### Data segment
──────

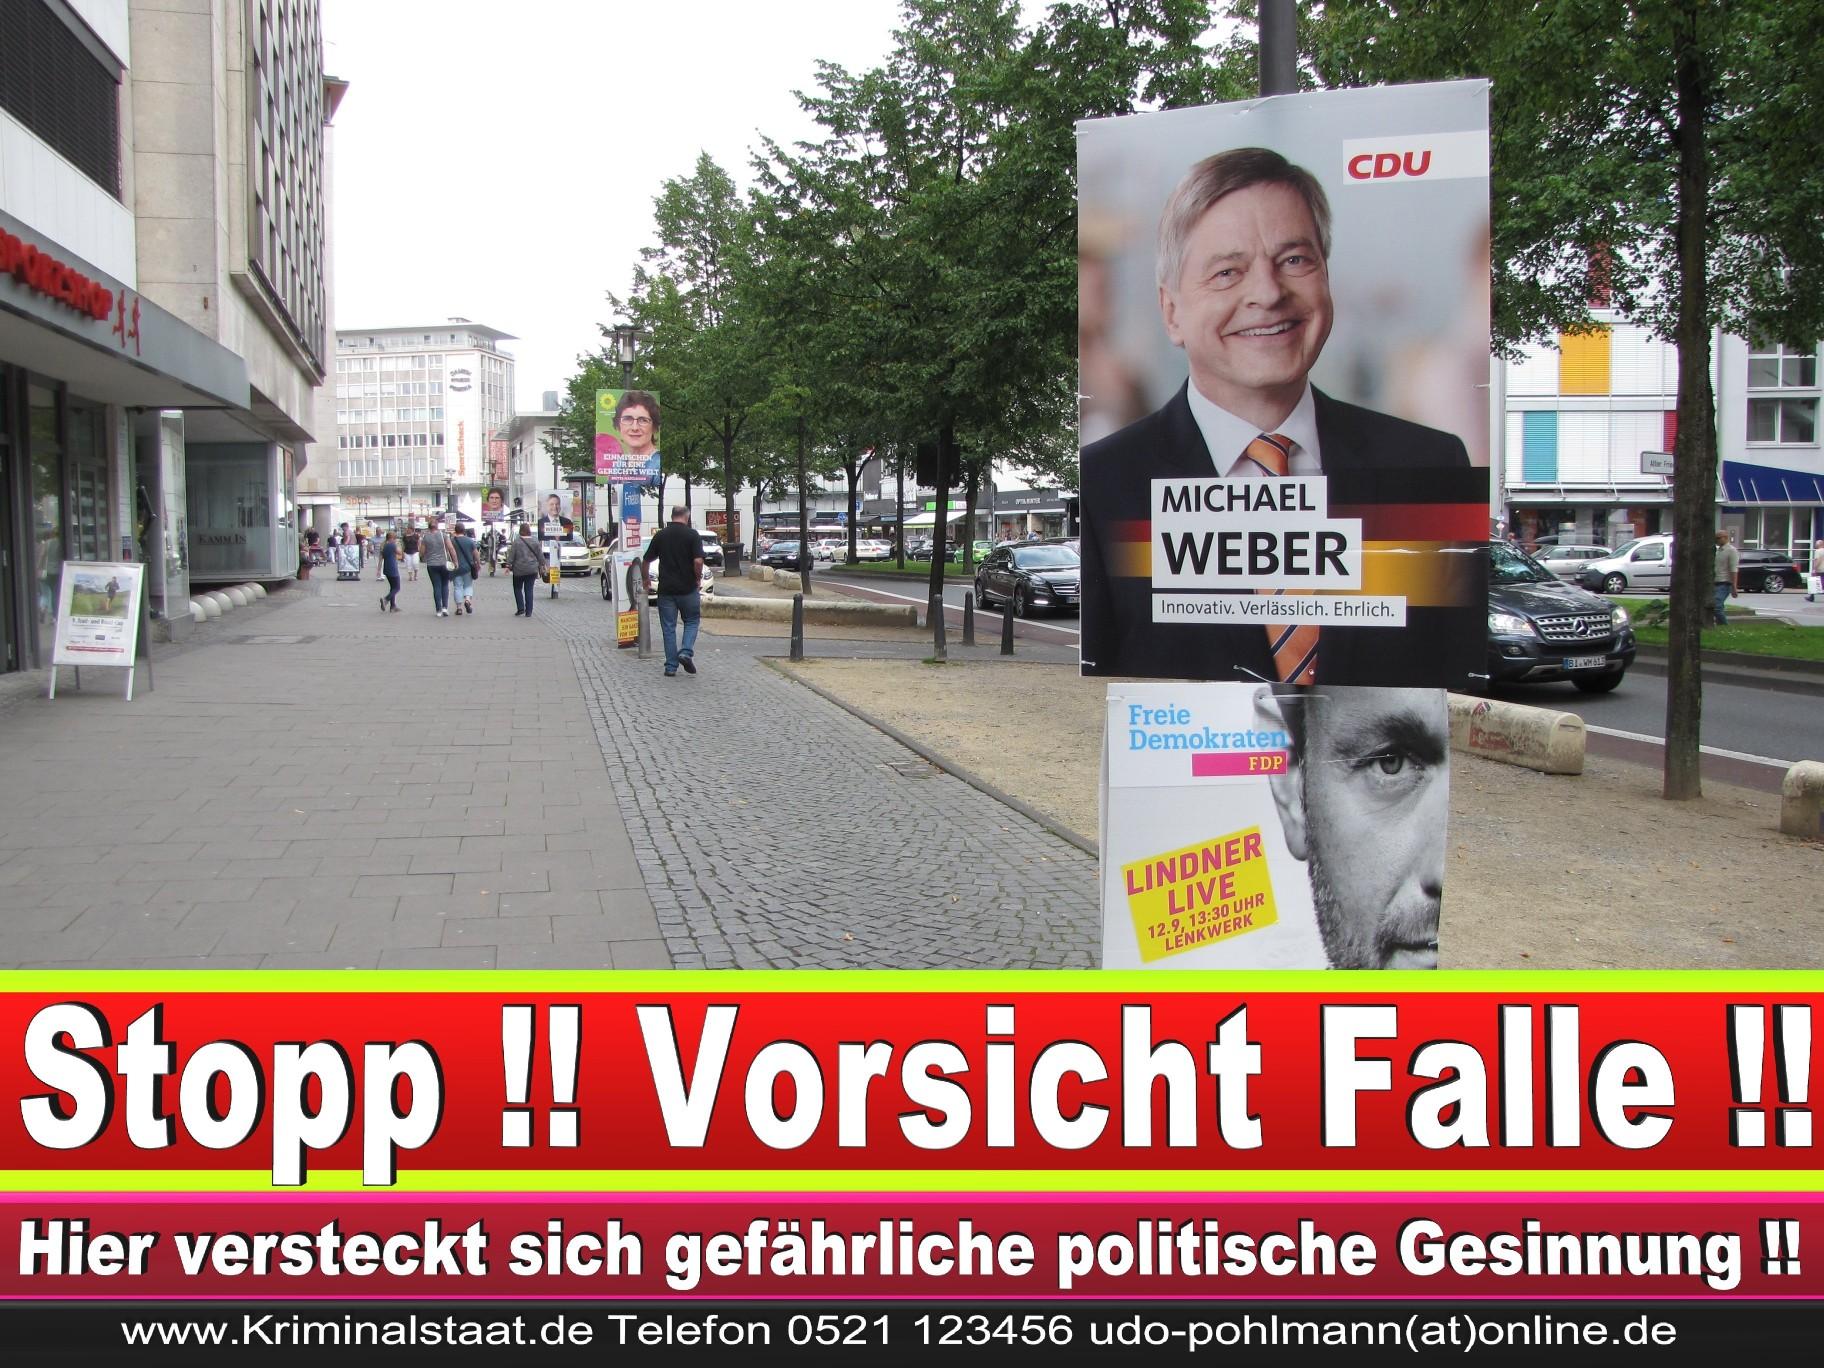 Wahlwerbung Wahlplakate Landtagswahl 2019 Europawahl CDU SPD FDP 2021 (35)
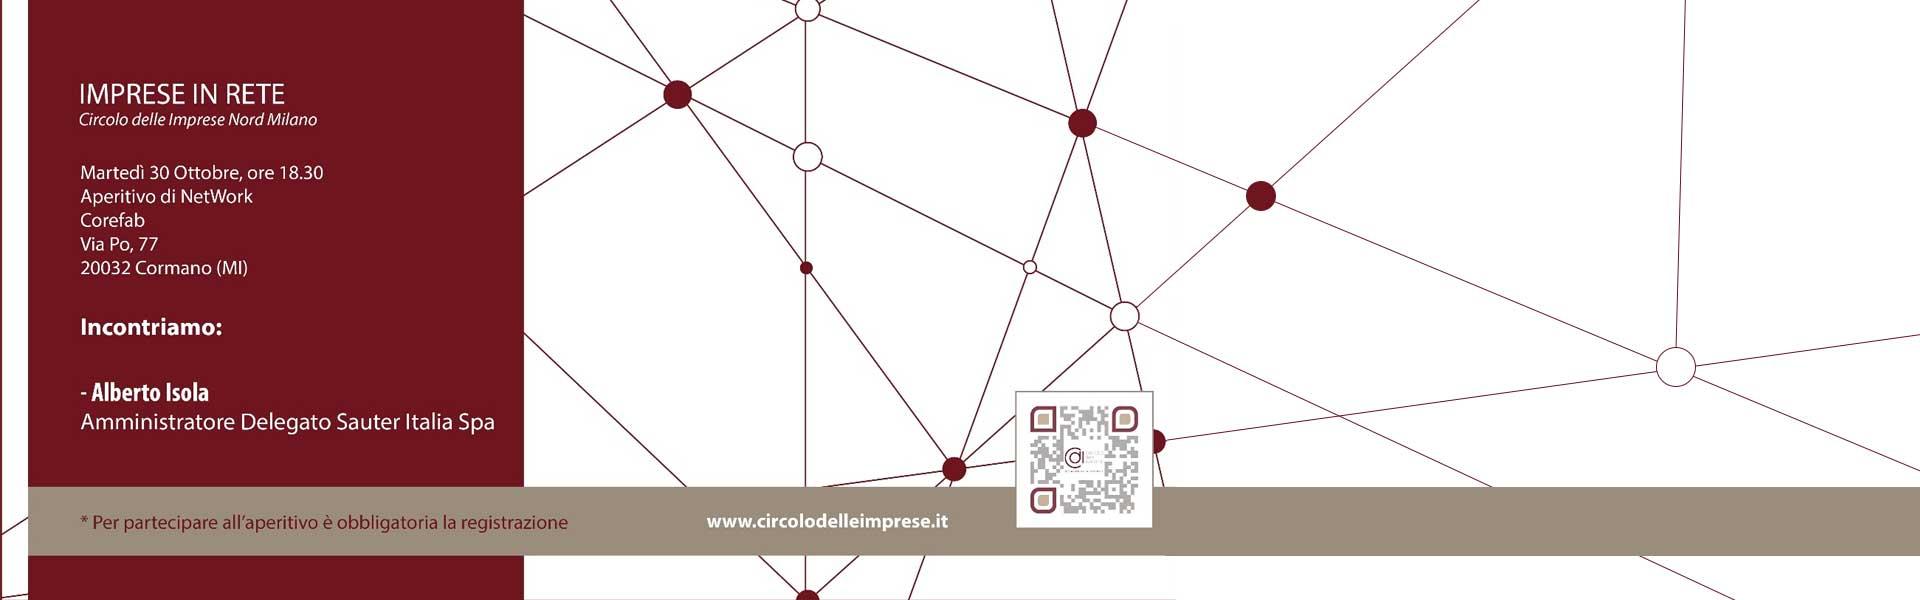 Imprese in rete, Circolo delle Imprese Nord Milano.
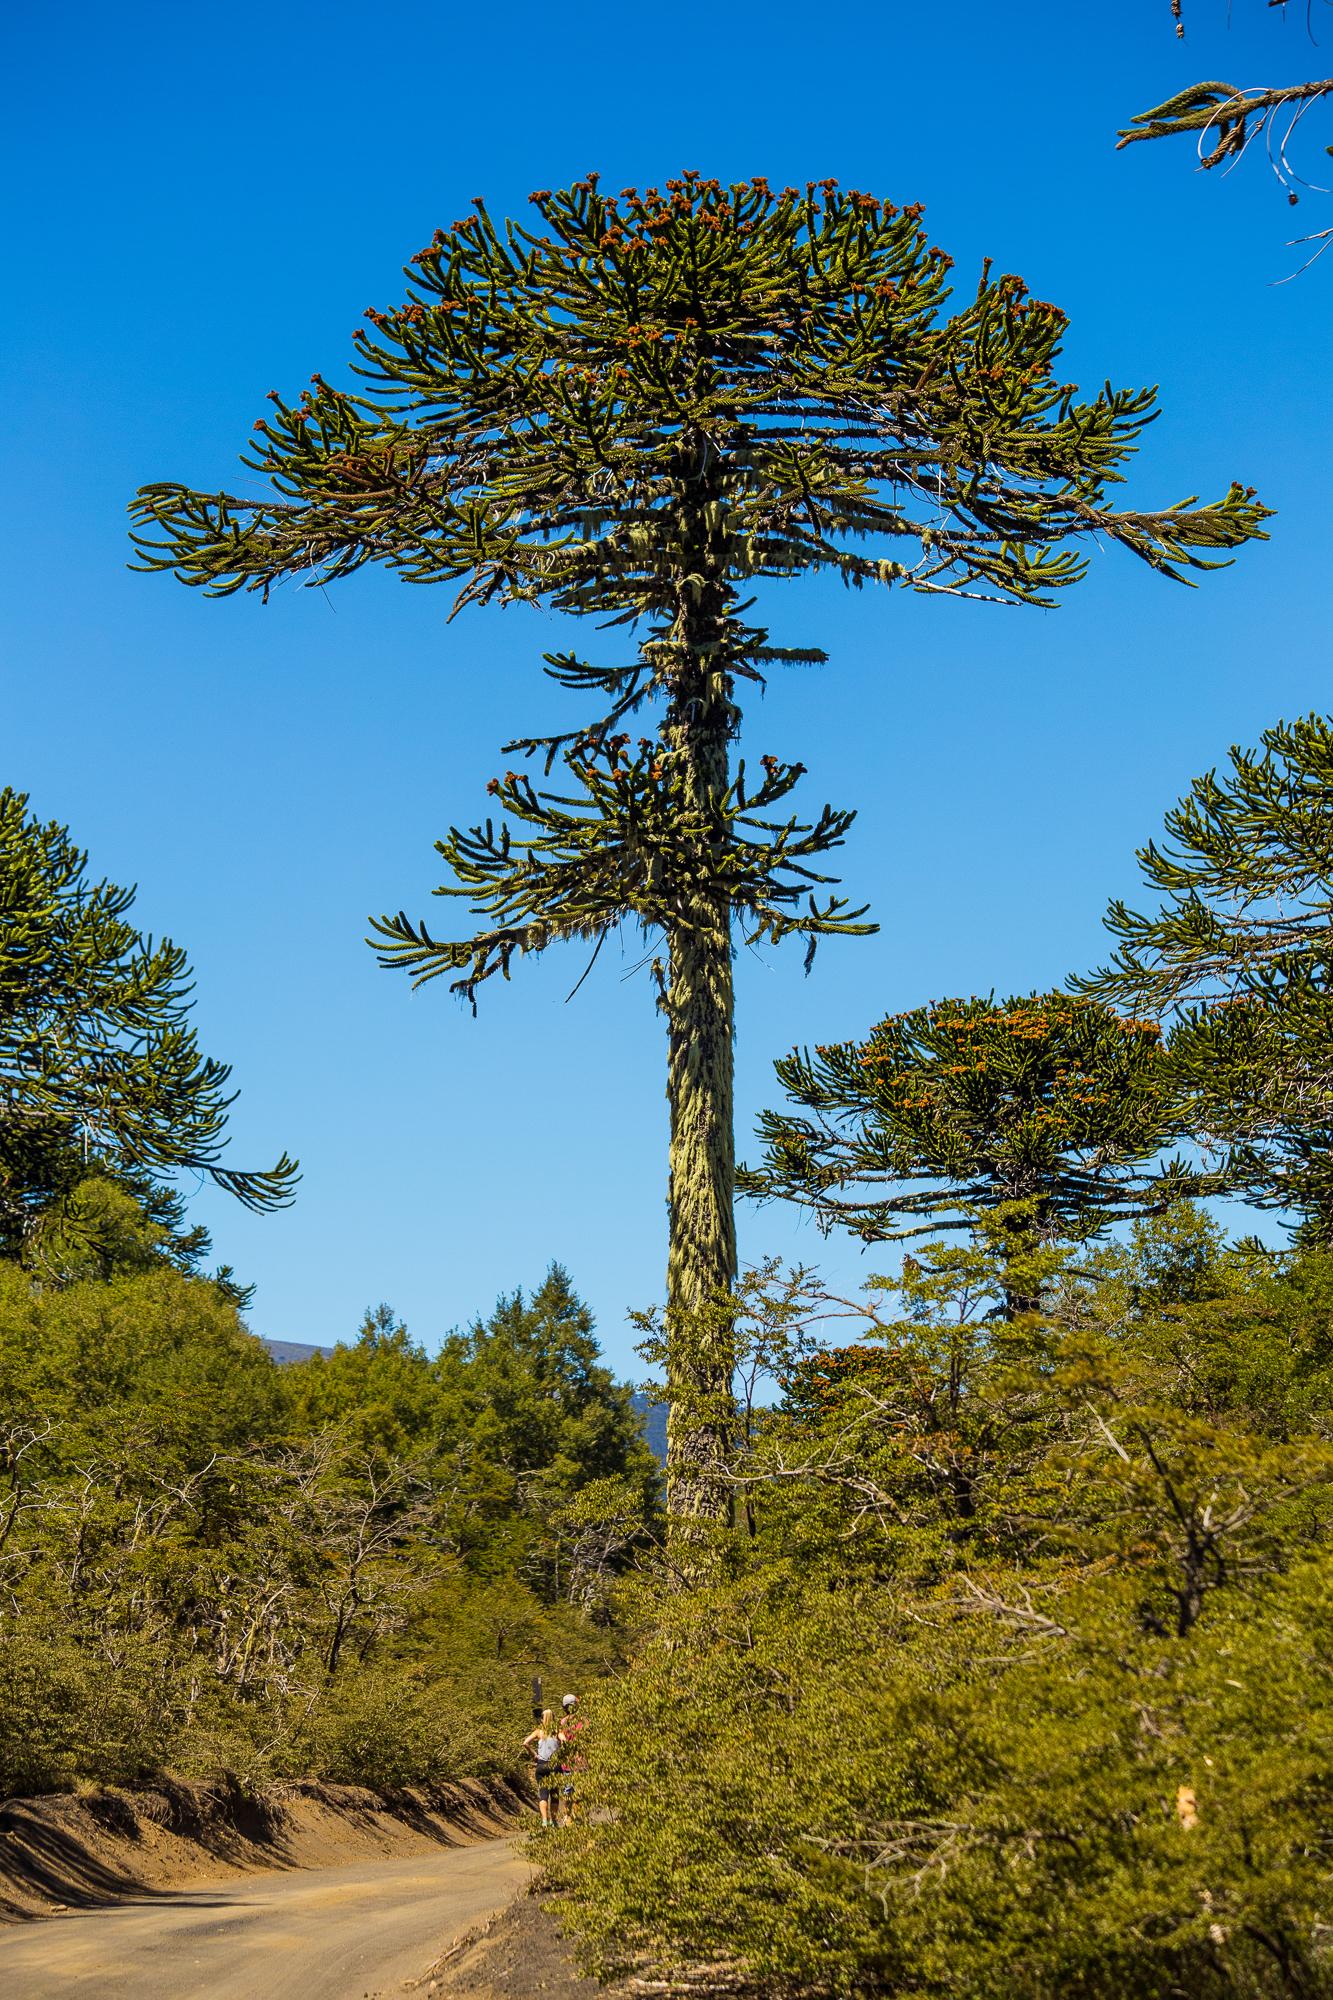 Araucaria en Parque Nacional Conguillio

──────

### Task objective
Quote the data above in full, leaving out the pictures it holds.

### Solution to this problem
 Wahlwerbung Wahlplakate Landtagswahl 2019 Europawahl CDU SPD FDP 2021 (35)
 Imprese in rete, Circolo delle Imprese Nord Milano.
 Araucaria en Parque Nacional Conguillio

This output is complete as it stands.